На самом деле в квартире жили еще четыре человека: мать Николая Степановича, его жена и брат с супругой. В ходе разговора Ходасевич с удивлением увидел знакомую ему по Лидино псевдоморскую псевдоматюшкинскую мебель: Гумилёвы жили в квартире уехавших из Петрограда Маковских.
Неприятие Ходасевичем «важности» Гумилёва (напускной, как убедился Владислав Фелицианович при дальнейшем общении, но отнюдь не шуточной) было частью непонимания другого, более глубокого. Ходасевич так никогда и не оценил Гумилёва по достоинству ни как человека, ни как поэта. Признавая гумилёвский литературный вкус, отдавая должное его преданности искусству, он находил, что Николай Степанович слишком уж «молод душой, а может быть и умом». Ходасевич не понимал ни гумилёвского возвышенного отношения к миссии поэта-мастера, ни его волнующей апокалиптики. Вождь акмеистов казался ему «литературным деятелем» вроде Брюсова, более человечным, обаятельным, смелым, но — по отношению к тому же Брюсову — вторичным.
Ходасевич и Гумилёв были людьми разными, в чем-то даже полярно противоположными.
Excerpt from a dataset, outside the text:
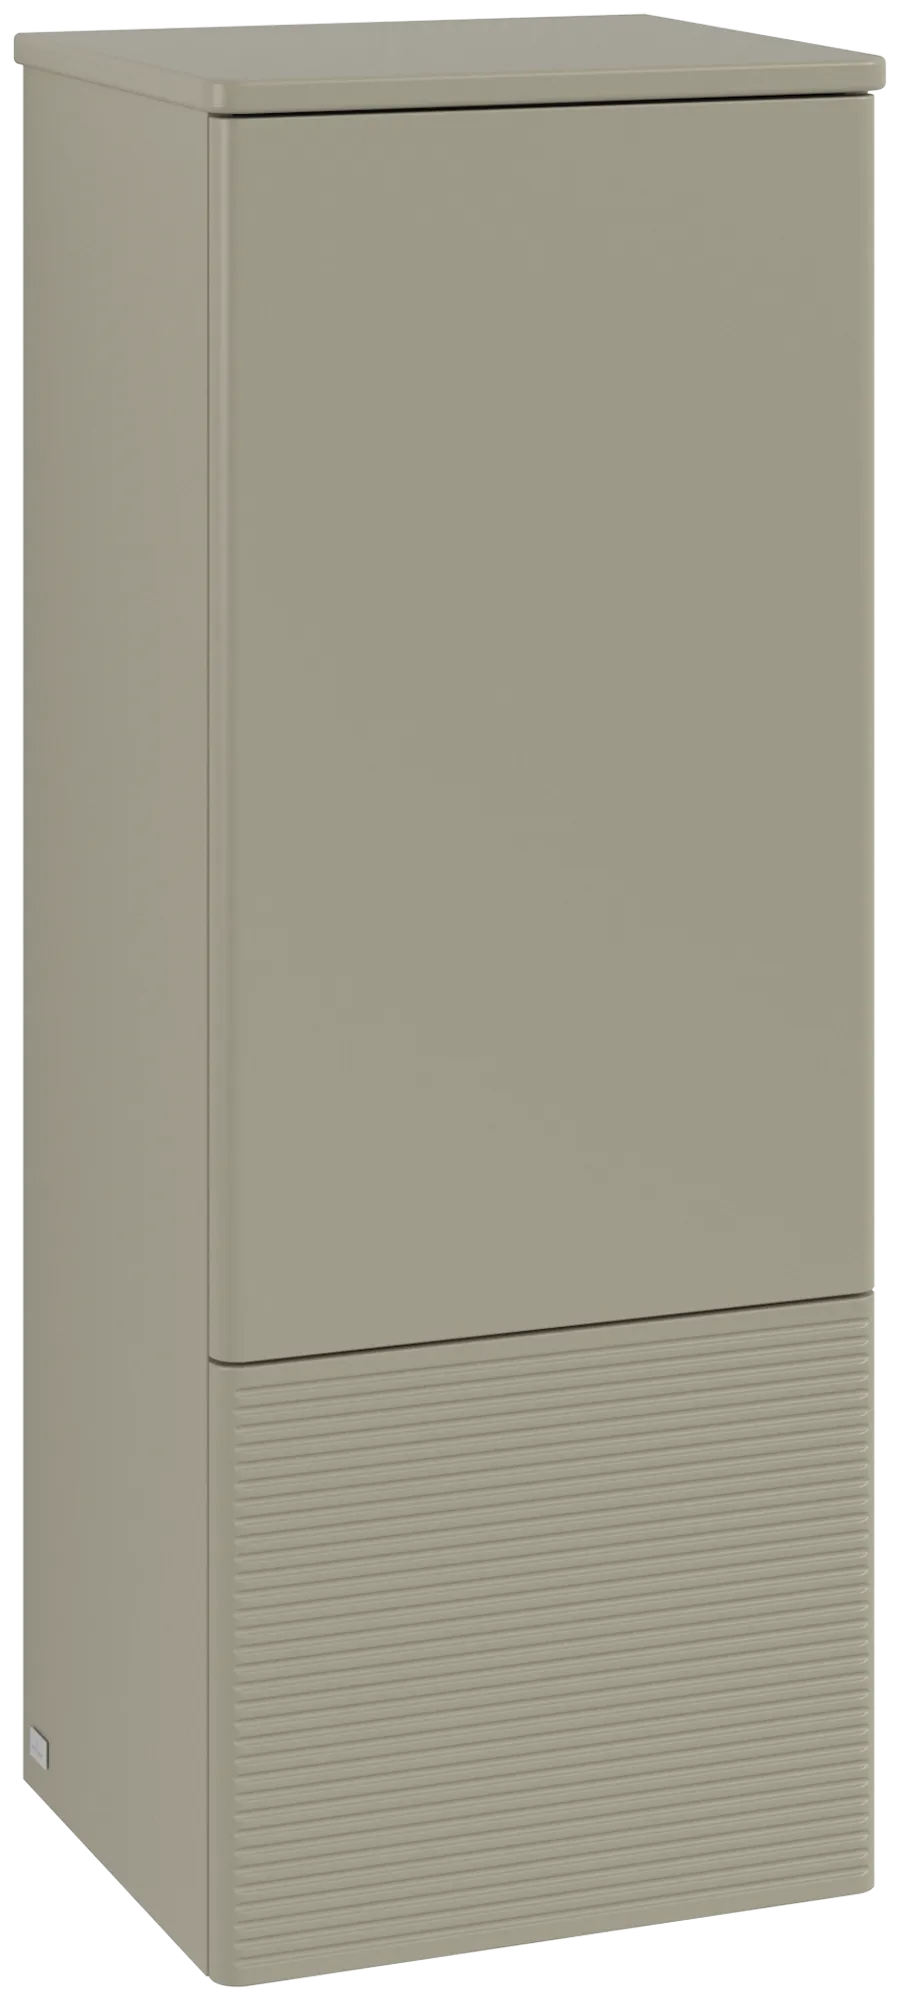 Bild von VILLEROY BOCH Antao Mittelschrank, 1 Tür, 414 x 1039 x 356 mm, Front mit Struktur, Stone Grey Matt Lacquer / Stone Grey Matt Lacquer #K44100HK

Оба росли хрупкими и хилыми, оба чувствовали себя уязвимыми, но для Гумилёва средством самоутверждения во враждебном мире стала ребяческая отвага, а для Ходасевича — старческая желчность. Потомок литовских шляхтичей, Ходасевич жил и вел себя как разночинец. Внук сельского дьячка, Гумилёв щеголял аристократизмом. Он постоянно стремился добиться благосклонности женщин, завоевать авторитет в мужских компаниях. Не всегда это удавалось, порой он становился объектом насмешек. Ходасевичу женские симпатии и мужское уважение давались не в пример легче, но он, человек разборчивый в общении и вполне самодостаточный, гораздо меньше в них нуждался. Гумилёв бывал наивен в общих суждениях о литературе, но безупречно точен, когда дело касалось конкретного автора или стихотворения. Ходасевич, напротив, был в целомглубже и точнее, чем в частностях.
Он был замечательным историком литературы, а Гумилёв вовсе не имел к тому склонности, хотя антологию поэзии XIX века, думается, составил бы лучше, чем это сделал Ходасевич. Гумилёв был вспыльчив и отходчив, быстро забывал обиды, в том числе литературные, Ходасевич — памятлив на добро и на зло.
И все-таки что-то в них совпадало. Прежде всего — своего рода «высокое сальерианство». Оба поэта не были «скороспелками», не были вдохновенными гуляками, из воздуха впитывающими божественную музыку. Их самораскрытие шло постепенно и давалось годами напряженной духовной и мысленной работы. И наконец, судьбе угодно было особенным образом связать их между собой.